"Electoral College." Gale Opposing Viewpoints Online Collection, Gale, 2019.
The United States Electoral College is a deliberative body through which the US president is elected to office. The Electoral College is made up of 538 electors; each state is allotted a set number of electors equivalent to its two senators plus its number of congressional house representatives. For example, Alabama, which has two senators and seven representatives, is allotted nine electors. The state with the most electors is California, which has fifty-five. The District of Columbia is allotted three electors. Though voters may be unaware of the process, when they cast their ballots during the general election in November their votes are actually used to determine the electors from their state.
During the general election, the winner of the popular vote—the winner based on the number of actual votes cast by the general population—is determined in each state. In practice, electors vote for the candidate who wins the popular vote in their state, therefore all of a state's electoral votes tend to go to the same candidate. However, several states do not require this. A federal court ruling in August 2019 ruled that members of the Electoral College are not mandated to vote for the winner of their state's popular vote. However, Colorado officials petitioned the US Supreme Court to review the case shortly after the 2019 decision. A candidate must receive at least 270 electoral votes to win the presidency. On the first Monday after the second Wednesday in December of the election year, the electors assemble in their respective states to cast their ballots and elect the president.

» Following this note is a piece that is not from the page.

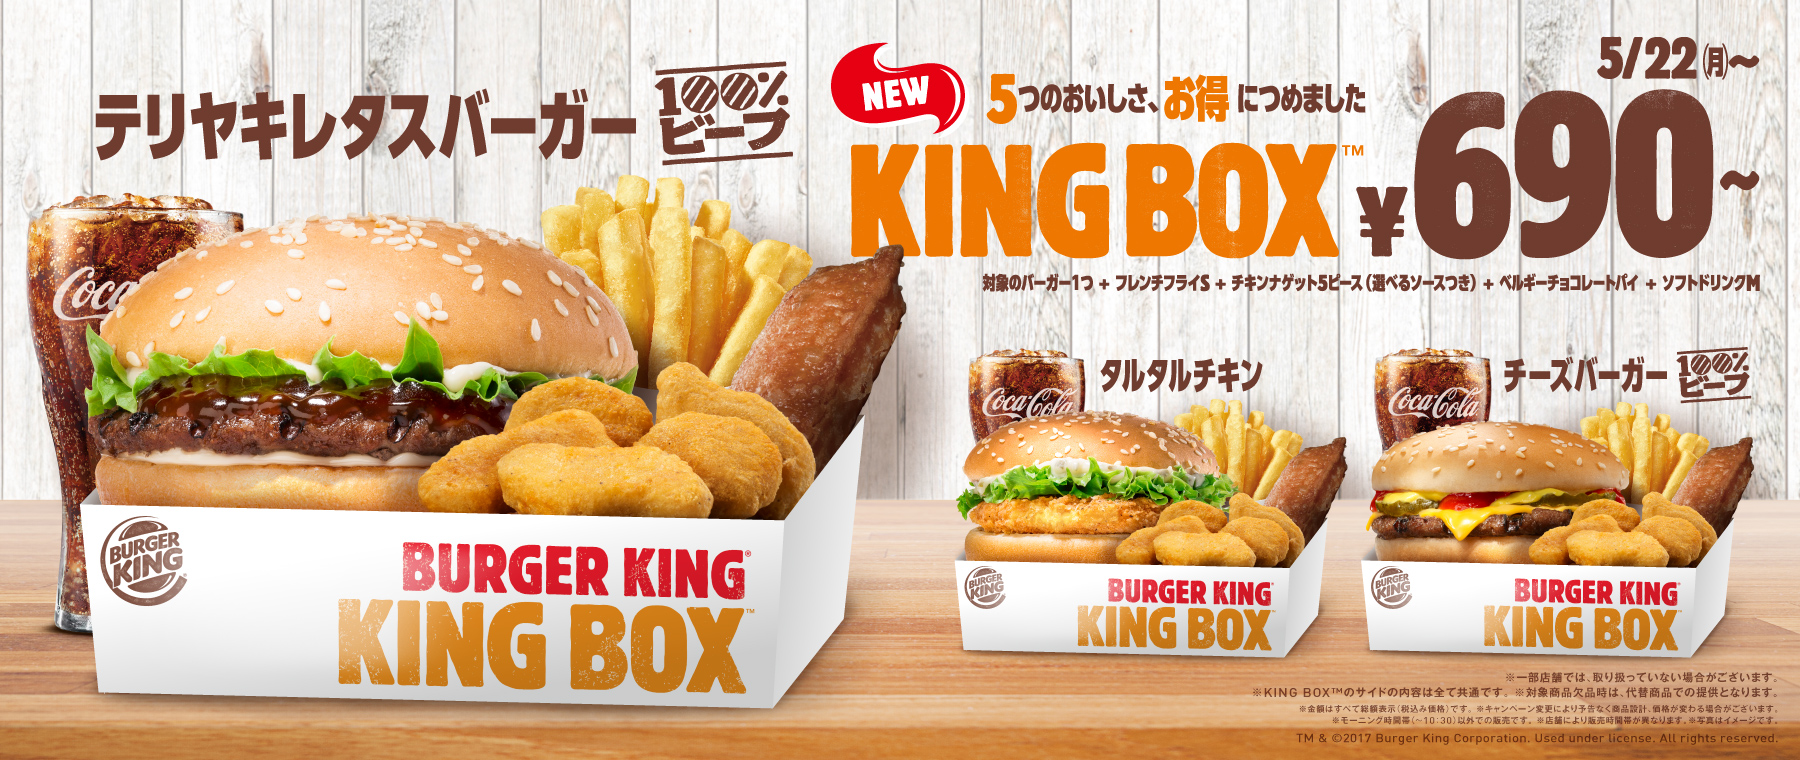 【話題】「バーガーキング」のお得なKING BOXが美味しそう！バーガー含む5点が690円で話題に！ | まとめまとめ

The Electoral College exists because of a compromise reached during the Constitutional Convention in 1787. During the convention, delegates considered several different ways of electing the president but could not agree. The issue was sent to the Committee of Eleven on Postponed Matters, which was developed to work on difficult issues facing the Convention. The committee, which included James Madison, proposed the system of electors. Originally, the electors would each cast two votes. The candidate with the greatest number of votes would become the president. The candidate who came in second would become the vice president. Electors were not permitted to select two candidates from their own state. The compromise was accepted because it solved three problems. First, it created a buffer between state and federal governments. Second, it protected the election from undue influence from the more populated states. Third, it gave citizens some input into the election of the president while also addressing concerns held by several Founders, including Alexander Hamilton, that common voters could be easily manipulated into electing unqualified candidates. Some of the delegates feared that citizens would not have confidence in a president if they were too far removed from the process of electing him. To help allay fears that the federal government had too much control over presidential elections, each state decided independently how to choose its electors.
After the election of 1800, the design of the Electoral College was reevaluated and revised. In that election, Thomas Jefferson and Aaron Burr received an equal number of electoral votes. The election went to the House of Representatives after the Senate established that there was a tie. The House, however, had to vote thirty-six times before Jefferson received the majority of votes and was named president. The rise of political parties, which the Electoral College's original designers had not anticipated, significantly narrowed the field of candidates and made it more likely that there would be a tie in electoral votes.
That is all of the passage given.